#### SUPPLIED DATA
--
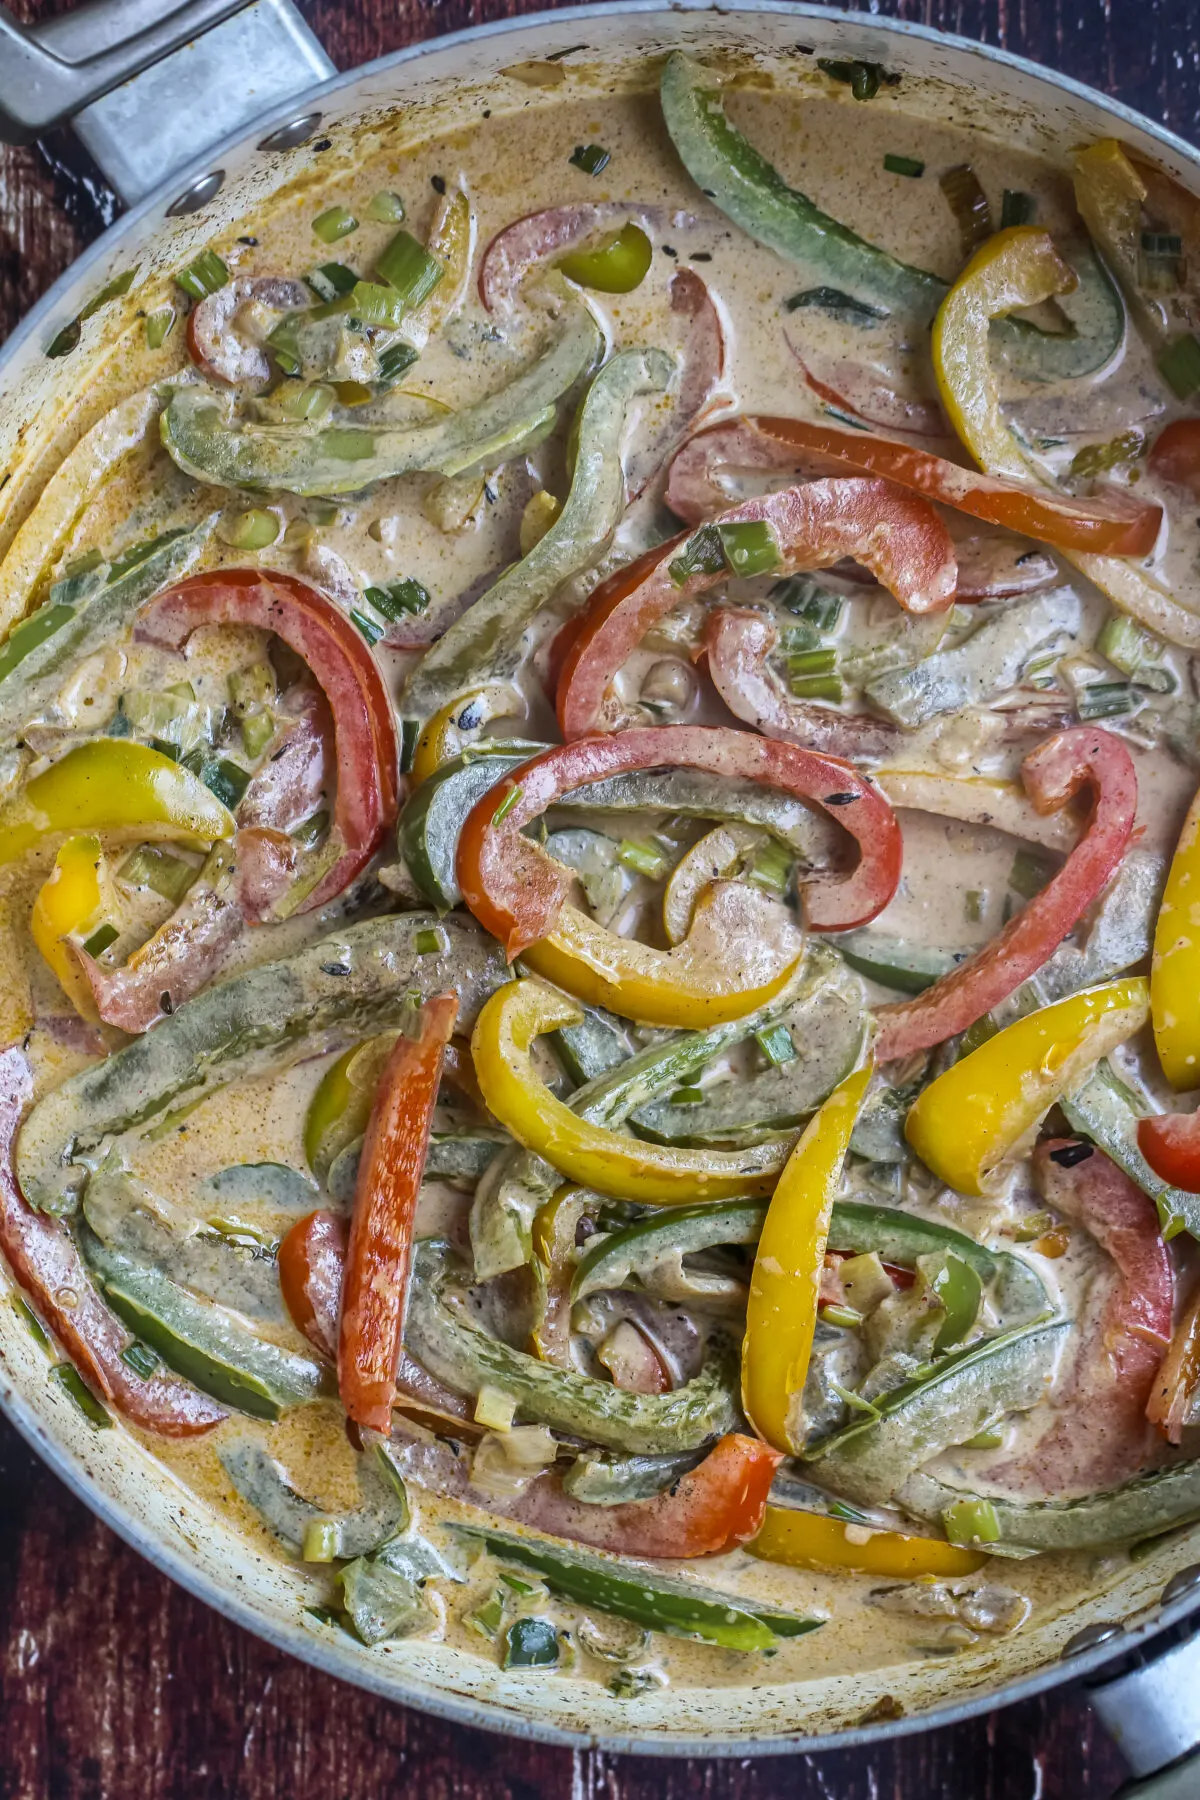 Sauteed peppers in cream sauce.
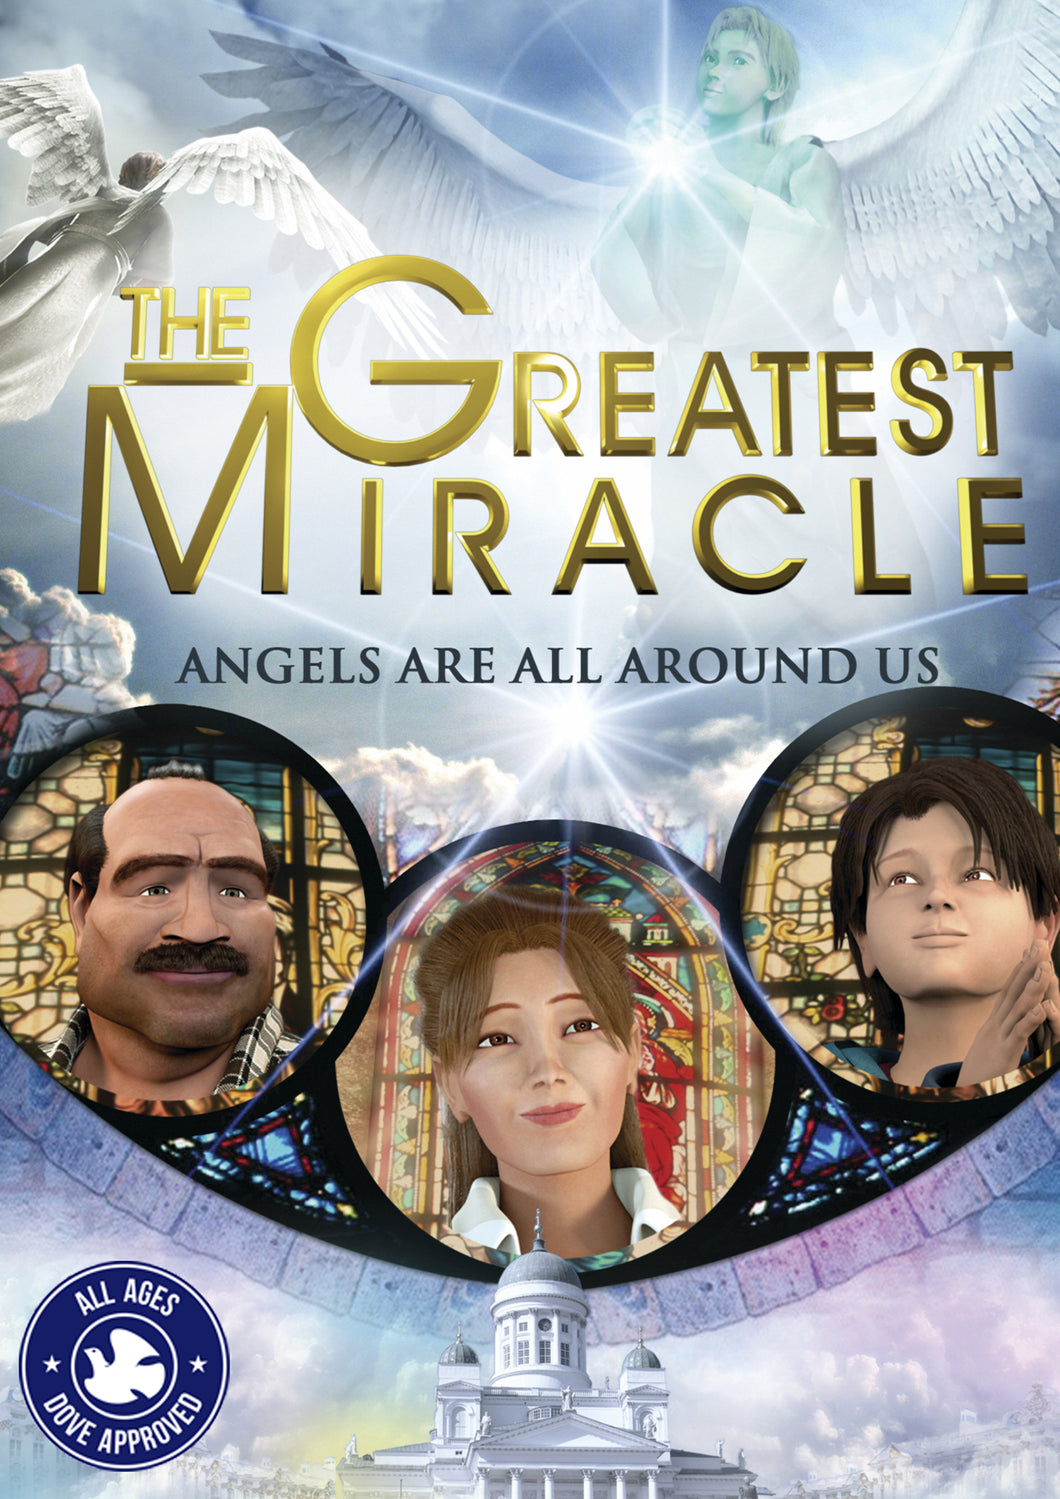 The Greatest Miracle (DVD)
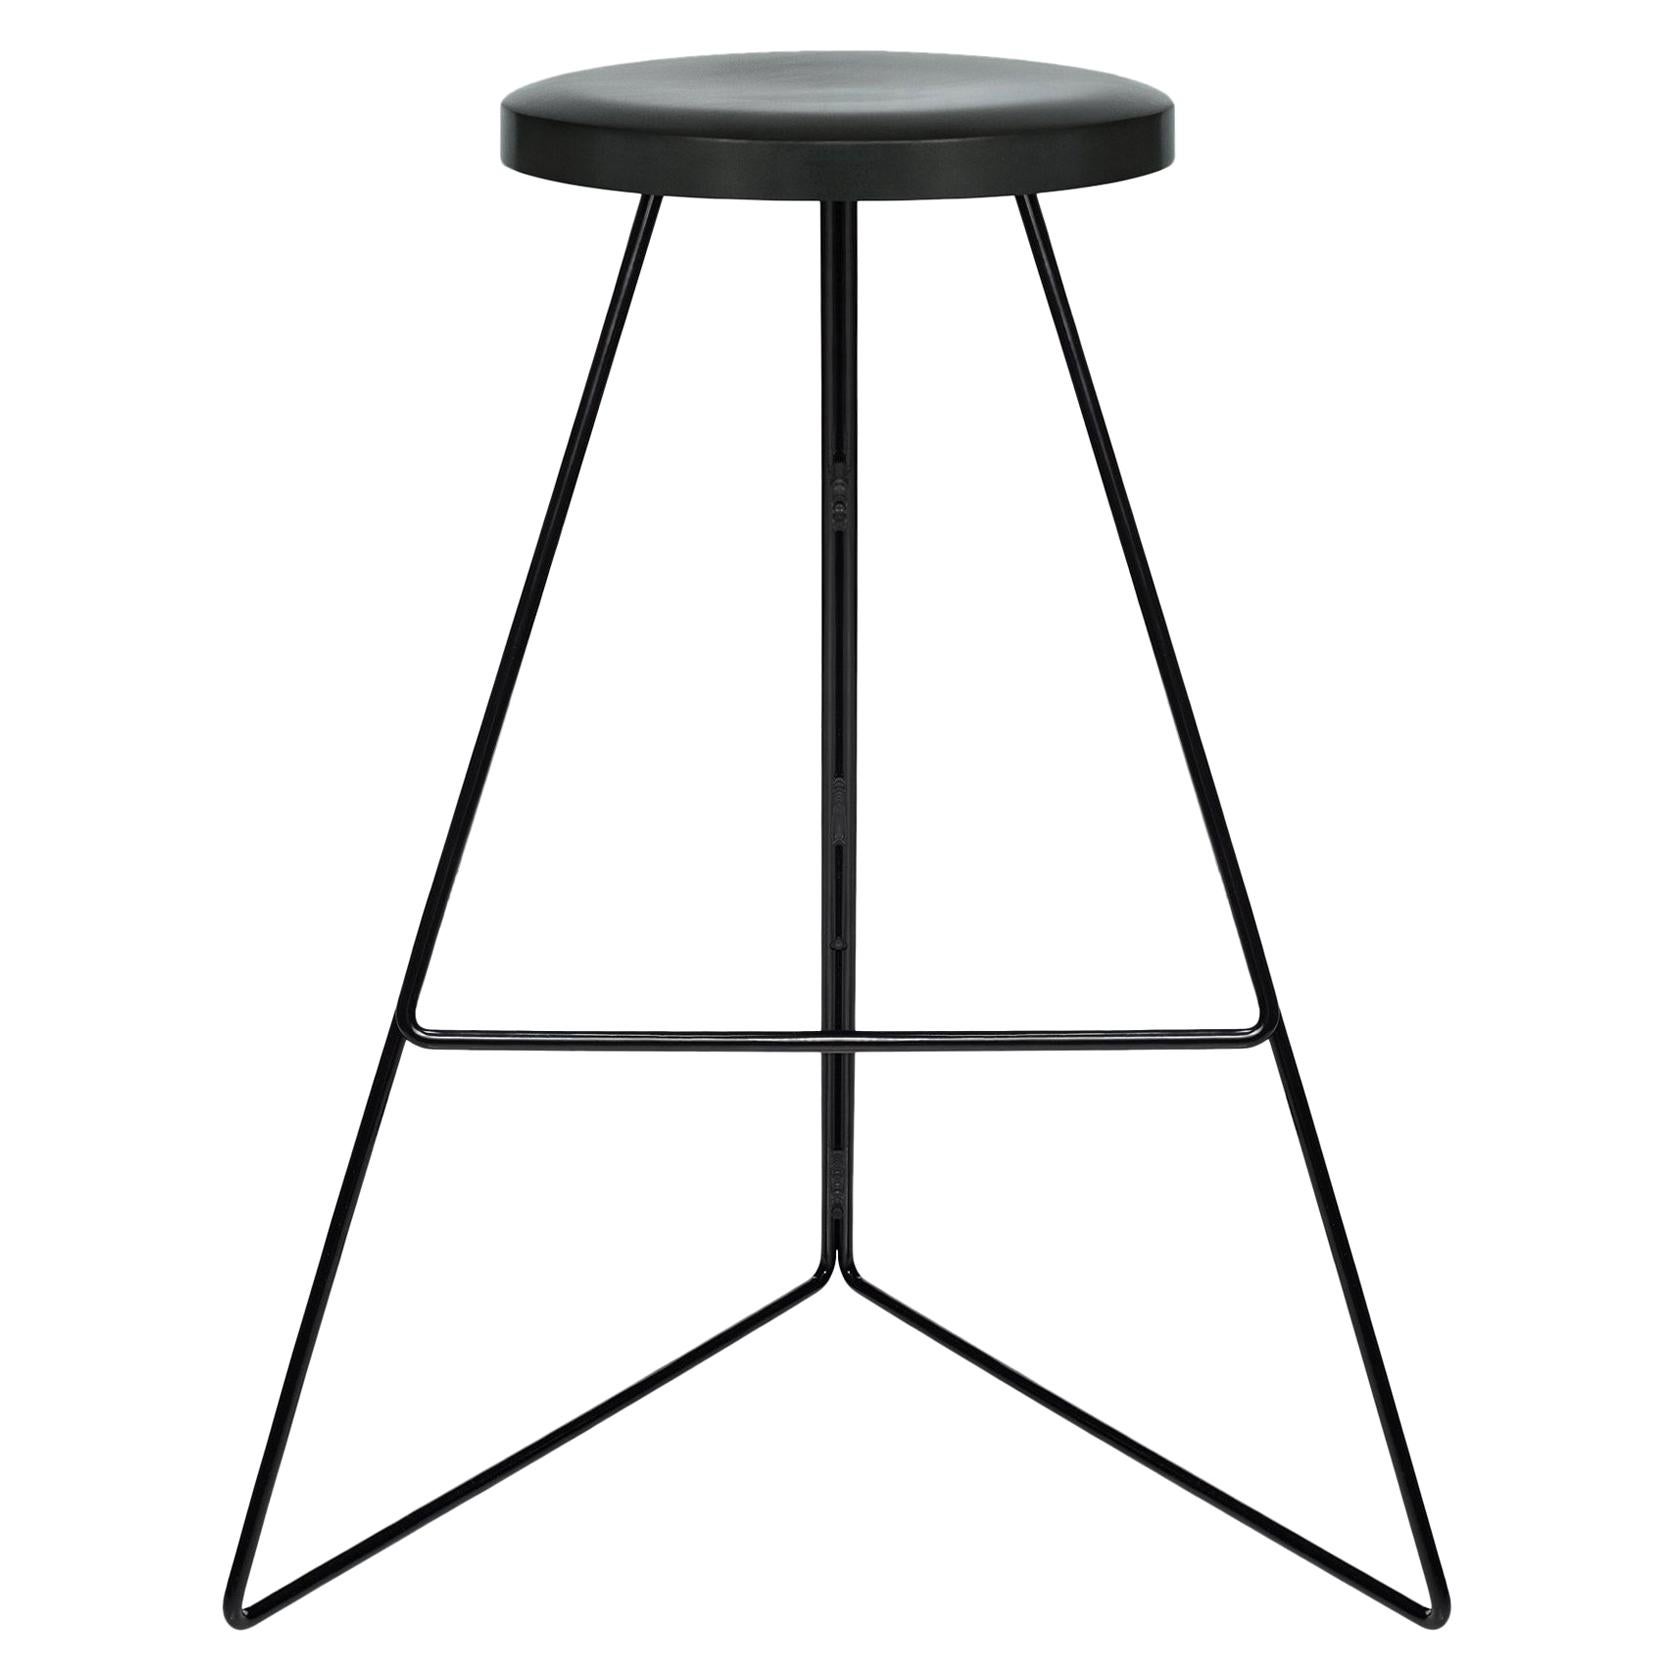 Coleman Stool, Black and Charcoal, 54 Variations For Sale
--
#### TASK STATEMENT
Retype the data shown above exactly, excluding any picture it contains.

#### THE COMPLETED TASK
 Sauteed peppers in cream sauce.
 The Greatest Miracle (DVD)
 Coleman Stool, Black and Charcoal, 54 Variations For Sale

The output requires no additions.